I am new to R and RStudio but have been trying to work through different examples using Rsubread for my data. I have tried reading vignettes and manuals prior to posting here but I am stuck and could really use some advice.
I have 7 paired-end, fastq files from Illumina sequencing of human samples. I have downloaded RStudio version 2022.12.0+353. I have installed the packages BiocManager and Rsubread using the packages function available in RStudio
I downloaded GRCh38.13.genome.fa.gz (release 43) from GENECODE and built the human genome reference into my working directory. Next I aligned my data one at a time and then placed my 7 aligned files in "BAM436files". I then ran feature counts on all files and placed them in "counts436". Everything seems to work well with most of the reads mapped during the alignment and featurecounts indicated 79-81% assigned alignments in all 7 samples.

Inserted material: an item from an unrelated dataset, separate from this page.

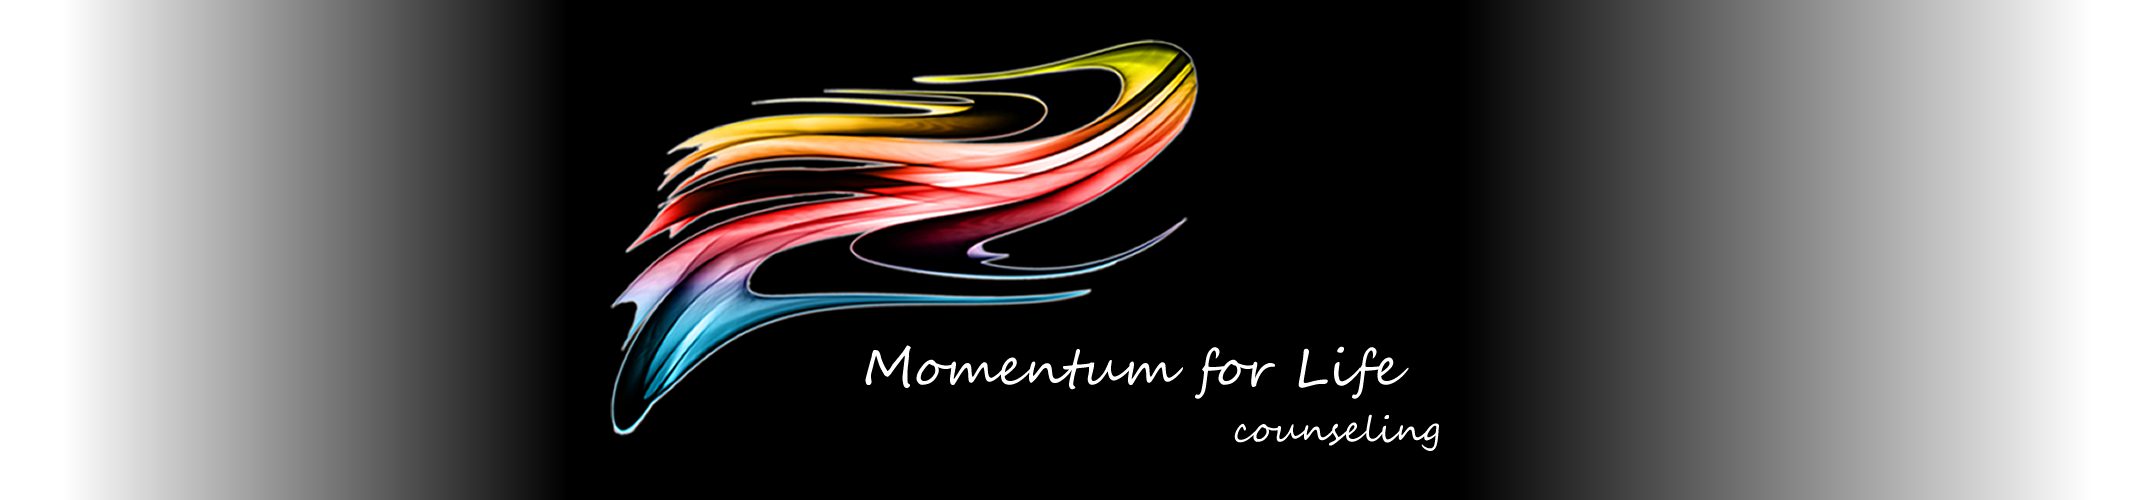 Momentum for Life Counseling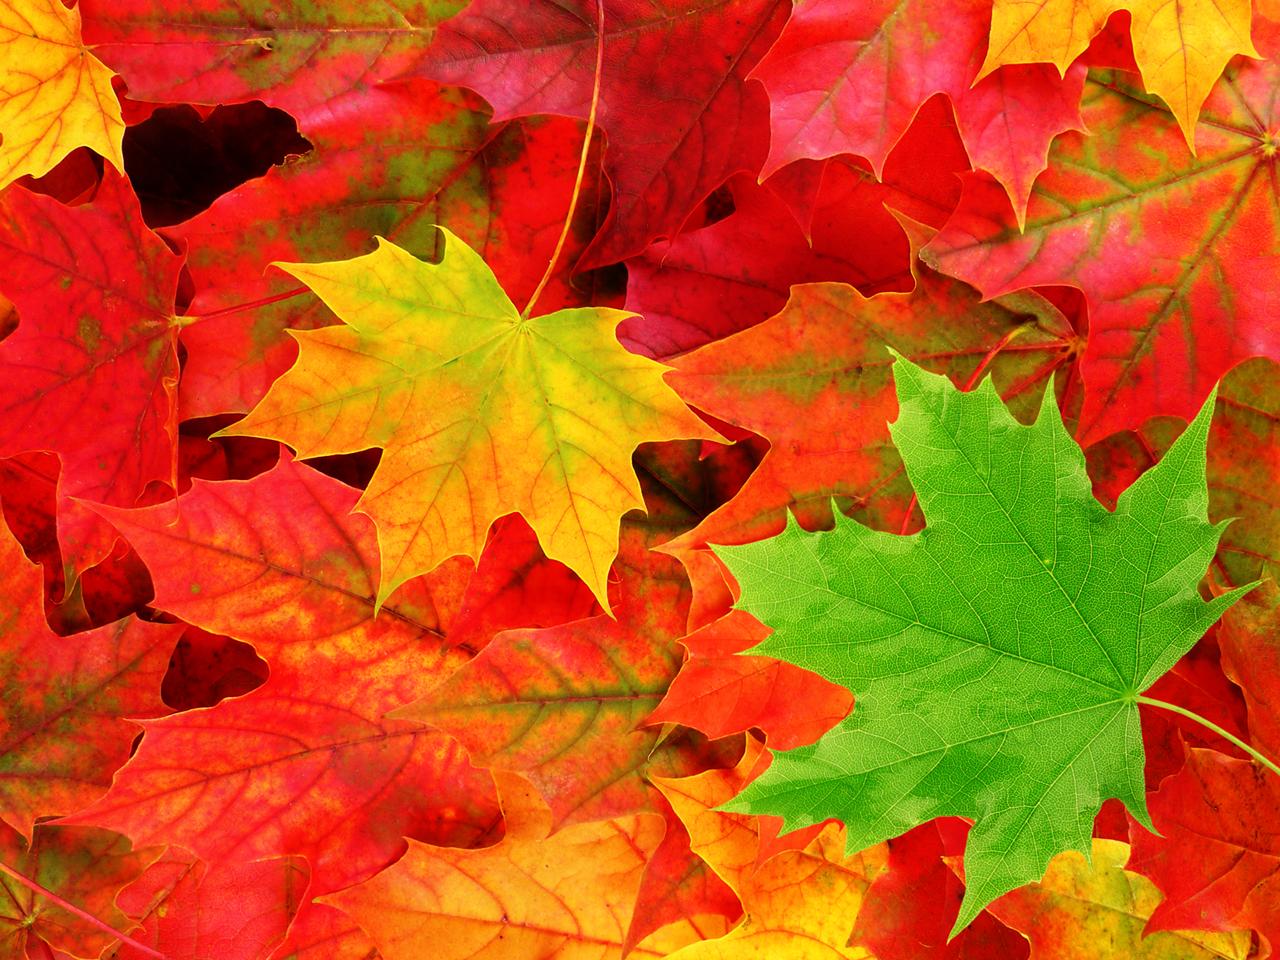 View And Download Autumn Leaves Wallpapers

The problem comes when I try to just look at the data. I tried to view the first 3 rows using commands like... this just lists all the data, not the first 3 rows. I can export the data to excel and the excel folder has 4 tabs; "counts", "annotation", "targets", "stat". The counts data has the names of my 7 samples across the top and then count data in each column...so I thought I was on the right track. So I guess my question is, why can't I limit the data display to the first "n" rows. Also, can I use this file for DESeq? I been trying to figure out how to generate files like coldata but thought I should make sure my count file would work first.
The codes I used are presented below.
>buildindex(basename = "human_index", reference = "GRCh38.p13.genome.fa.gz") >align("human_index", readfile1 = "A436EV_1.fq.gz", readfile2 = "A436EV_2.fq.gz", output_file = "A436EV.aligned", output_format = ".", annot.inbuilt = "hg38", nthreads = 8) >BAM436files <- c("A436EV.aligned", "C436EV.aligned", "E436EV.aligned", "A436200f.aligned", "B436200f.aligned", "C436200f.aligned", "D436200f.aligned") >counts436 <- featurecounts(BAM436files, annotated.ext="directory for GRCh38.GTF", isGTFannotationFile=TRUE, nthreads=4, isPairedEnd=TRUE, countMulitMappingReads=FALSE, reportReads="CORE" >head(counts436, 3) >install.packages("openxlsx") >library(openxlsx) >write.xlsx(counts436, "destination folder" # include your problematic code here with any corresponding output # please also include the results of running the following in an R session sessionInfo( )
Thanks for the help. I was able to work through it using the bioconductor link. For some reason, I thought I had to create a new tab delimited table using excel or a text editor for coldata.